While LeBron was trying to figure out NBA excellence, Los Angeles was already a Kobe town. It was a Kobe town because he did what L.A. folk want their athletes to do. Stay. Love the organization. Compete. Don’t make excuses. And deliver titles. Stay. Love the organization. Compete. Don’t make excuses. Deliver titles.
LeBron in L.A. Stay. Love the organization. Compete. Don’t make excuses. Deliver titles. Deliver Titles. Deliver titles.
LeBron is not ours. LeBron is borrowed. He is Akron. He is Cleveland. He is Miami. He is the Olympics.
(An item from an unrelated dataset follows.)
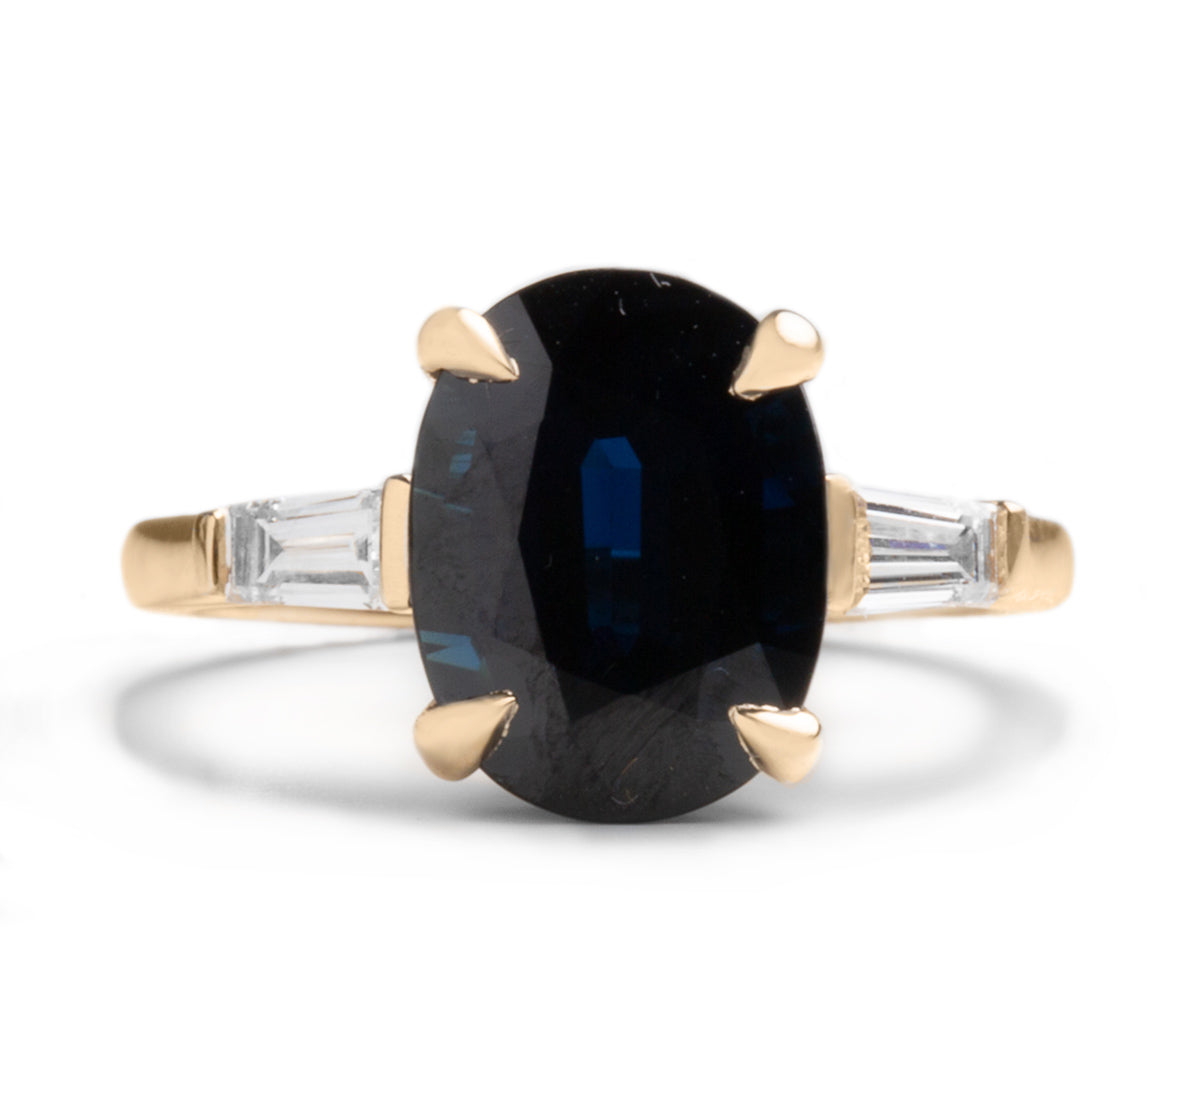 14k yellow gold 4.65ct oval cut dark blue sapphire claw prong ring with tapered baguette diamond side stones ring
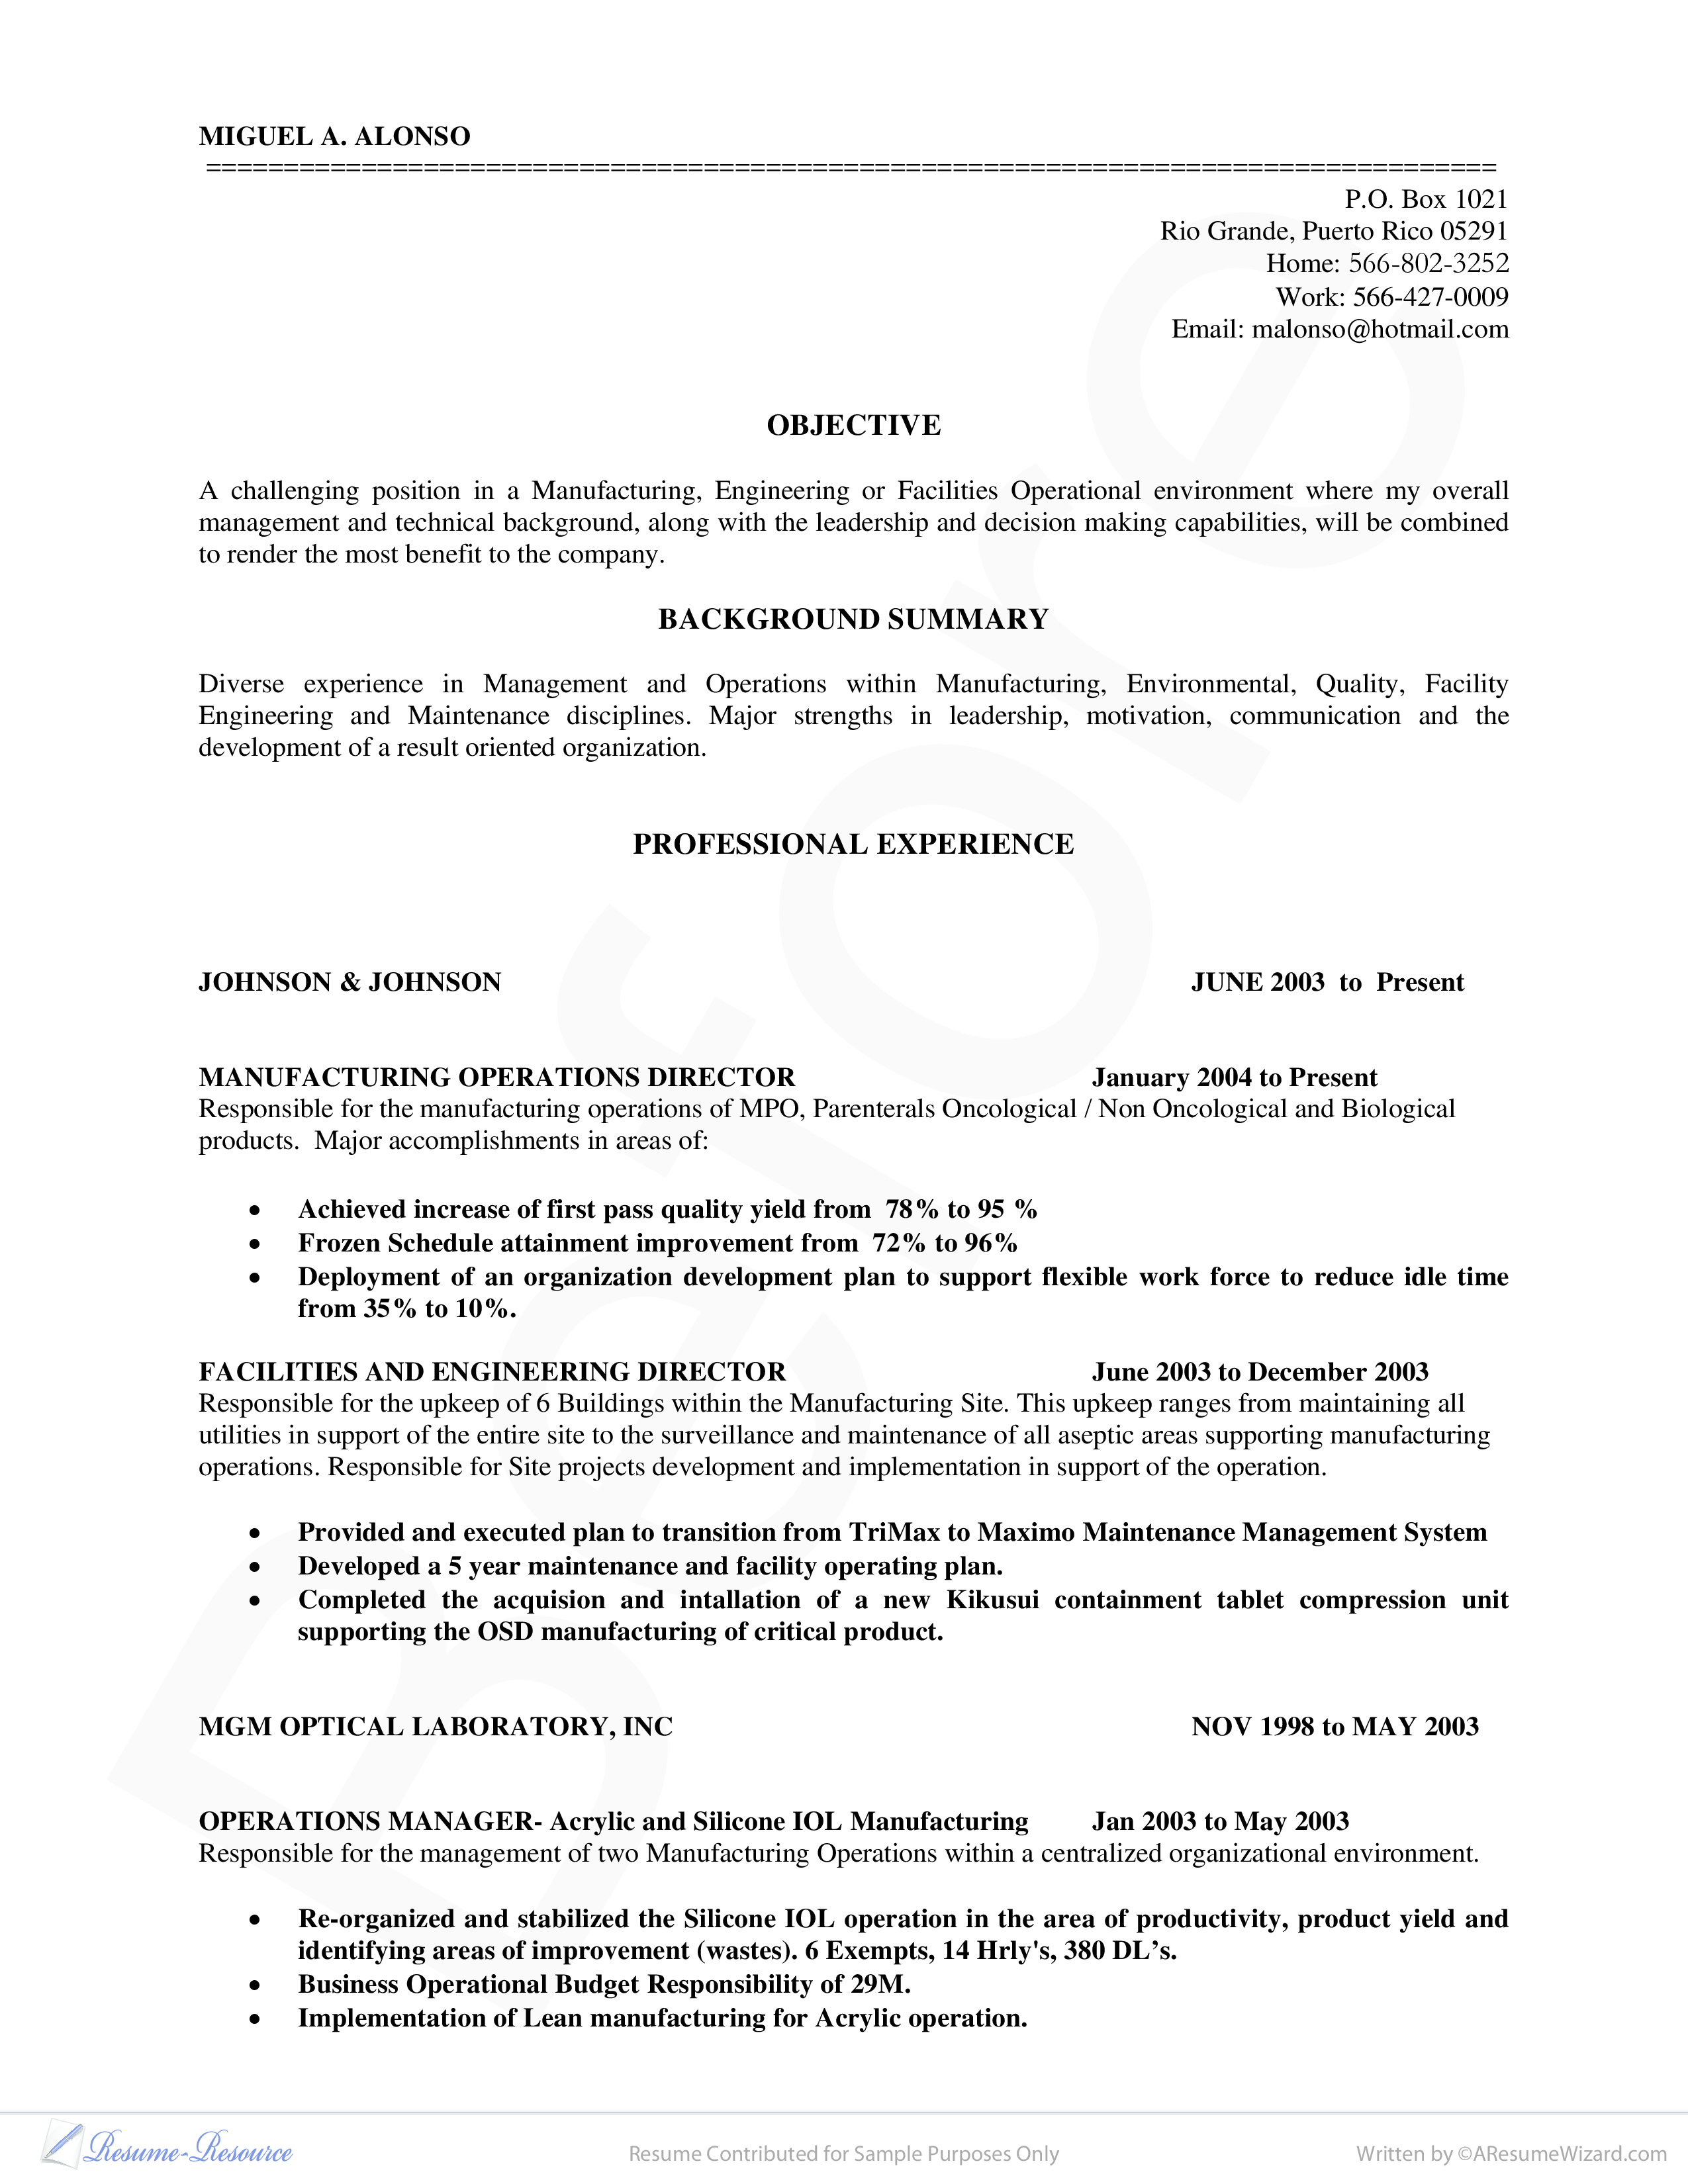 manufacturing manager resume - before and after plantilla imagen principal

And politics. And movies. And Klutch Sports. LeBron has had a bunch of iterations and changing courses and shifting shapes but always excellence and getting to the Finals is his thing.
It will be 9 NBA Finals appearances in 10 years. As a stat, it doesn’t even seem real but it is true. Dallas. OKC. San Antonio. San Antonio. Golden State. Golden State. Golden State. Golden State.
LeBron came to Los Angeles a proven commodity. He was a regular-season MVP, a Finals MVP, and an Olympian. In Los Angeles, he had his eye on the end game: an NBA title. His dream of being a billionaire was still on course. Multi-talented LeBron is interested in everything, he isn’t a mythic figure. He isn’t a fantasy. We didn’t raise him. He didn’t come here as nothing and become everything. LeBron was everything and here in the land of milk and honey, he wanted to be even more. We are his end. Not his start. Not his middle.
No matter. An NBA title makes you a Laker for life and puts your name in the pantheon. Magic, Shaq, Kobe. LeBron.
But LeBron in lights comes after an NBA title in 2020. Only after. You can’t get there because you dreamed it or willed it. We’re not the Clippers, paper championships are worthless. LeBron has to win here. For real. It’s the only requirement to be included among the Gods.